LONDON (Reuters) - British commodities tycoon Sanjeev Gupta will merge his family's steel operations by the end of the year into a new entity, the Liberty Steel Group, to be ready for a potential listing, he said on Tuesday.

Other companies in his family's privately-held GFG Alliance conglomerate will also be organised for possible IPOs in the future, he told Reuters in an interview.

"Whether it's the steel, aluminium or energy companies ... all the companies will be made ready in terms of governance, reporting and transparency, so they'll be ready in every way to go for a listing as and when they want to."

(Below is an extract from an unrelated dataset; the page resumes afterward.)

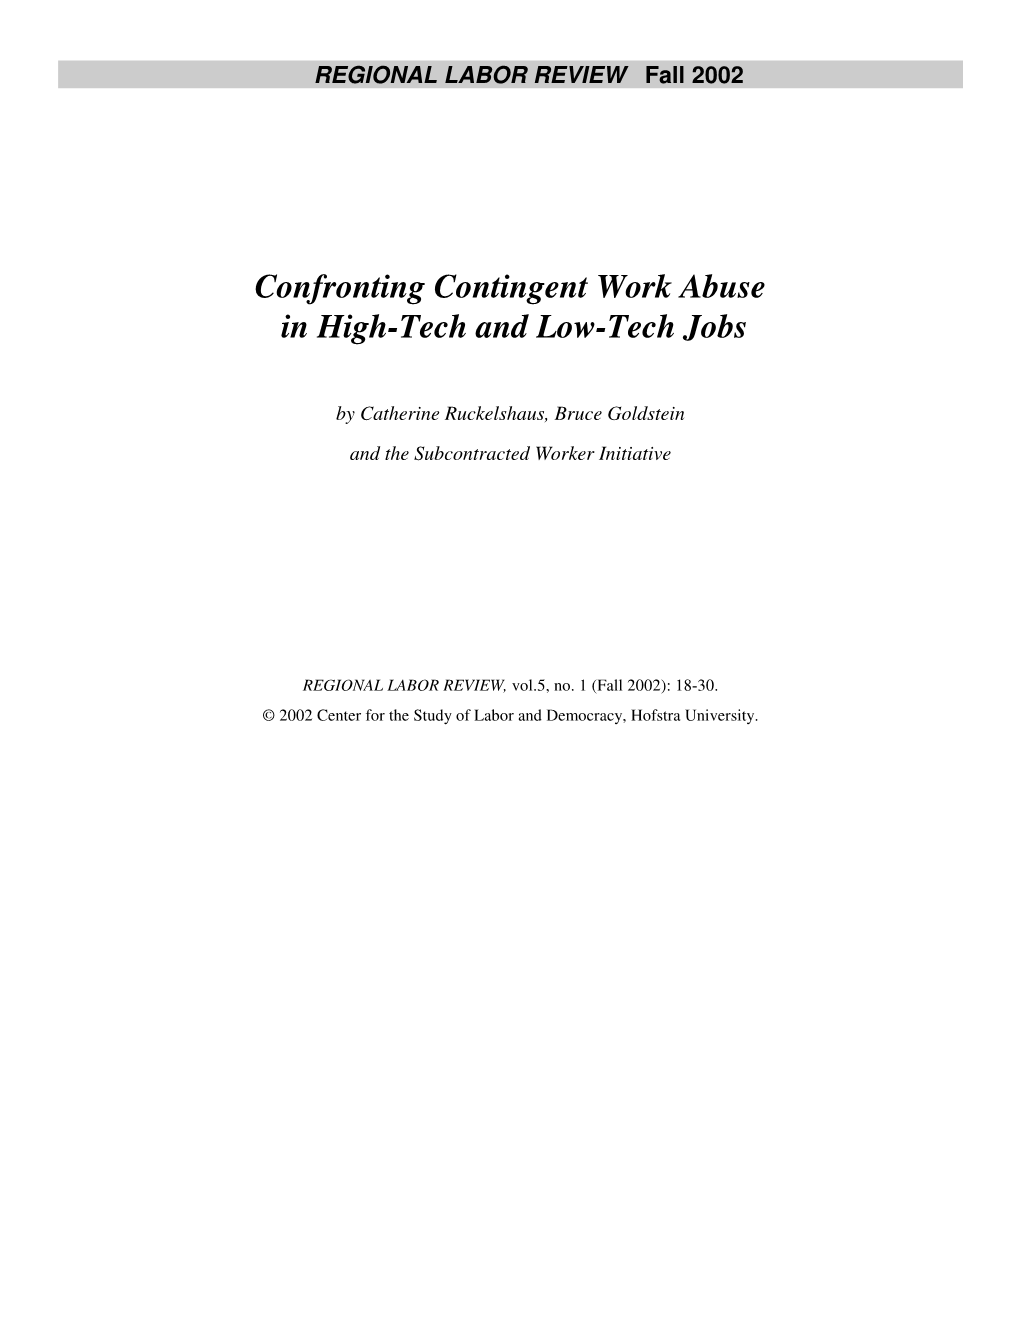 Confronting Contingent Work Abuse in High-Tech and Low-Tech Jobs

Currently the steel assets are held under GFG's Liberty House Group, but will be incorporated by the end of the year with a board of directors and consolidated accounts for its $15 billion of annual turnover.

"The merger will take place by the end of the year and we'll do a set of proforma numbers within Q1 next year," said Gupta, executive chairman of the GFG Alliance.

He said any potential listing could be in London or elsewhere.

Liberty Steel, with annual output of 18 million tonnes, would be the world's 17th largest steel producer, based on World Steel Association figures for 2018.

The new steel group, with operations in 10 countries and 30,000 employees, will also press ahead with a sustainable steel initiative, aiming to become carbon neutral by 2030, Gupta said.

Its so-called "GreenSteel" programme will partly focus on building more electric arc furnaces (EAF), which use less energy and are more efficient since they recycle scrap steel.

By expanding EAFs and using more renewable energy such as wind turbines to fuel its plants, Liberty should be able to move 70%-80% of the way to being carbon neutral, Gupta said.

Using hydrogen to make virgin steel is expected be the final piece of the puzzle, he added.

"Technically it's already been proven, you can make steel with hydrogen, the only question is the economic viability," Gupta said.

He expects hydrogen to follow a similar path to renewable energy, which has seen prices fall sharply in recent years and become more viable than many expected.

Gupta declined to comment on reports that his company was interested in bidding for Britain's second largest steelmaker British Steel, which went into liquidation on May 22.

A deal to save it from collapse was in jeopardy as exclusive negotiations with Turkey's military pension fund OYAK hit a deadline last week without an agreement.

GFG holdings had grown rapidly from its roots as a metals trader by spending billions of dollars buying up often troubled metals manufacturing facilities from the United States to Europe and Australia.